### WHAT TO WORK ON
For the listing below, work out the number of lines that hold "Canvas" and return that number alone.
_____
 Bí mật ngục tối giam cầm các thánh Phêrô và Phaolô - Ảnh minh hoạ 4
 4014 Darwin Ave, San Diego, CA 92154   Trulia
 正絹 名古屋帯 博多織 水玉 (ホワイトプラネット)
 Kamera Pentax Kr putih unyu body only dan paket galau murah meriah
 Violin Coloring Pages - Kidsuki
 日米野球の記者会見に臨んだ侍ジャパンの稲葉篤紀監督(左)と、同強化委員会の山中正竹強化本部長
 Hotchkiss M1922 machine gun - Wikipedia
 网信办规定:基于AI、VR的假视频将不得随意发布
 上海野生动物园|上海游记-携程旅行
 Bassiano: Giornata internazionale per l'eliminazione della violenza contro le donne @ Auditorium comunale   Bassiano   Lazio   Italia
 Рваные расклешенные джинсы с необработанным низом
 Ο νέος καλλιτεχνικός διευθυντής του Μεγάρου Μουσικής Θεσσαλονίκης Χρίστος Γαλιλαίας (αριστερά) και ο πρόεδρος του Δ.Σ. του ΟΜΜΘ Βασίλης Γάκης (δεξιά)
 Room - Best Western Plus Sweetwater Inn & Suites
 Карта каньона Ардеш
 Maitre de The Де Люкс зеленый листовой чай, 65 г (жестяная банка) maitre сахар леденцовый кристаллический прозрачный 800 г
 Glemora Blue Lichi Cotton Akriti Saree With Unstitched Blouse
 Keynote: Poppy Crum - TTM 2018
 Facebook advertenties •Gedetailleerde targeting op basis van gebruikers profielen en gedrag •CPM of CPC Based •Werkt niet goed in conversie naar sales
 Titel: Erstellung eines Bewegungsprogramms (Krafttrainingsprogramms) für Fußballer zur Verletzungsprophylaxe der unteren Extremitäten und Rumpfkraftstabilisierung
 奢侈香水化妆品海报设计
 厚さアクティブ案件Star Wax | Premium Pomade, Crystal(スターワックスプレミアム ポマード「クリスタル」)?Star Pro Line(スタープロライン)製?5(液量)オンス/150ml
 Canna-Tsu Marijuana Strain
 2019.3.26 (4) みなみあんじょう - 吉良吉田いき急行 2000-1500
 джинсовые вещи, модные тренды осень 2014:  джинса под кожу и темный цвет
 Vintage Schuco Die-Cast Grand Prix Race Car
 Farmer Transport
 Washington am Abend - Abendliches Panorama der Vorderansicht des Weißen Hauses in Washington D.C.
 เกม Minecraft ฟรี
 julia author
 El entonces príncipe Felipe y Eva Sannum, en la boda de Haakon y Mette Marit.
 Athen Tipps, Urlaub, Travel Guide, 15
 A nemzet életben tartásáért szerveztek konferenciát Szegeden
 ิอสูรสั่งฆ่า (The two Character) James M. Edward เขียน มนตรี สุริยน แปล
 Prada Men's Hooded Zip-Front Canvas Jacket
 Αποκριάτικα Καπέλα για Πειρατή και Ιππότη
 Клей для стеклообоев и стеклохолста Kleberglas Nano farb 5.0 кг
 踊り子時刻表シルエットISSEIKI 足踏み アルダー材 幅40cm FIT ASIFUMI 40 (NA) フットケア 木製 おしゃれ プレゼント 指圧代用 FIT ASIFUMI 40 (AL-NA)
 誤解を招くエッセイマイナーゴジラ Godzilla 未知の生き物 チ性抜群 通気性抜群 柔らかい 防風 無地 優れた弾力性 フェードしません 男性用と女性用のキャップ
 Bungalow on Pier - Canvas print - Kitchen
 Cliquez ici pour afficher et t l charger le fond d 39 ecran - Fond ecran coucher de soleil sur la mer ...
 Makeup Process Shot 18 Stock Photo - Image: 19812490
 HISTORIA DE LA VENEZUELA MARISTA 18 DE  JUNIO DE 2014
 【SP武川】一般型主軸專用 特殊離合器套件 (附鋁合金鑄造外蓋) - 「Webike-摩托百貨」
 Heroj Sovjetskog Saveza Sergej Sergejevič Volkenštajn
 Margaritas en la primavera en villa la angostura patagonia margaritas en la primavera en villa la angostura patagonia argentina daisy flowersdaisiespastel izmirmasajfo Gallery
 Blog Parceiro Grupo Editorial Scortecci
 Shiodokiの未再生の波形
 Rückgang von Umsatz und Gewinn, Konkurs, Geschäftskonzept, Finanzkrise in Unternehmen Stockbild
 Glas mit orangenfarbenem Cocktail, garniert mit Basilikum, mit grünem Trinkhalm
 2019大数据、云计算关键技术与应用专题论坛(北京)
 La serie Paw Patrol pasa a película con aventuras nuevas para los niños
_____
### EXERCISE ANSWER
2